At the same time, Burnham moved ahead to militarize the society and by 1976 one in every thirty-five persons in the population were members of the "disciplined" forces - the Guyana Defence Force, the Police Force, the paramilitary Guyana National Service (created in 1974), and the Guyana People's Militia (established in 1976). Defence spending expanded rapidly, increasing almost 500 percent from $8.76 million in 1973 to $48.72 million in 1976.
This high degree of militarization had the objective of ensuring that the PNC regime remained in power while controlling the growing political opposition. As part of this studied plan, the PNC ensured that all the disciplined forces were dominated by Afro-Guyanese, the ethnic group from whom the party drew most of its support.
Under the Burnham administration, the PNC repressive apparatus also included the House of Israel, a so-called religious cult of Afro-Guyanese, founded by an Afro-American fugitive from US justice, David Hill, who called himself Rabbi Washington.
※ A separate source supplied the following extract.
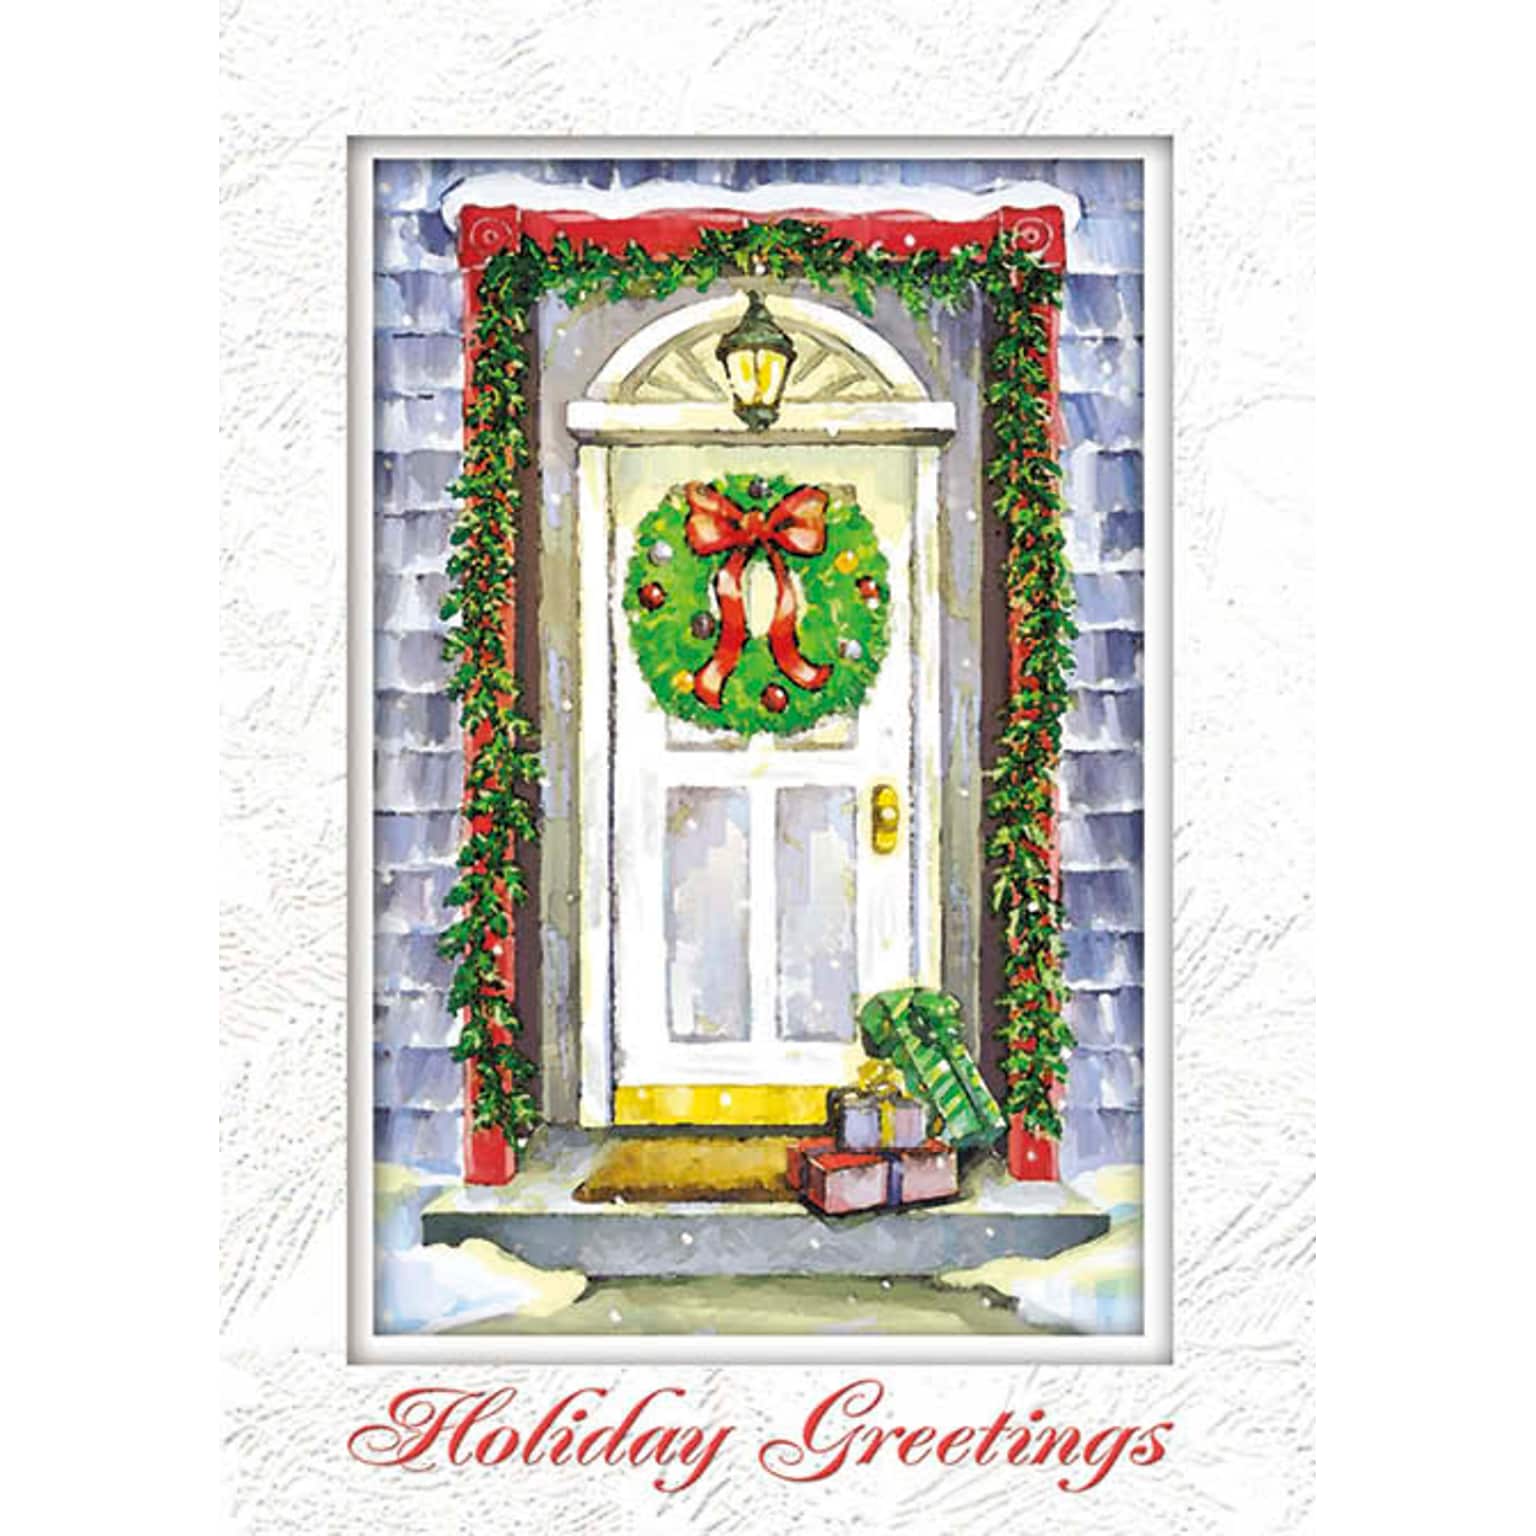 Holiday Greetings White Door With Wreath Seasonal Greeting Cards, With A7 Envelopes, 7 x 5, 25 Cards per Set

This group openly supported the PNC and was used regularly by that party to break strikes and also, even in the presence of the police, to violently break up public meetings organised by opposition political groups. On 14 July 1979 its members in broad daylight brutally attacked a WPA political demonstration and murdered a Jesuit priest, Father Bernard Darke.
When Desmond Hoyte became President after Burnham's death in August 1985, he quickly disassociated his administration with the House of Israel. Rabbi Washington was later charged with murder and received a prison sentence after he was found guilty. Without political backing, the cult lost its sting and power and soon after most of its adherents drifted away.
Despite these forms of political repression, they nevertheless could not stop the opposition forces, particularly the PPP, from continuing to resist the regime and agitate for democracy, including free and fair elections, and to condemn the despotism of the PNC. Actually, the more repressive the actions of the PNC, the more determined the opposition, led by the PPP, was able to consolidate growing support both in Guyana and in the international arena.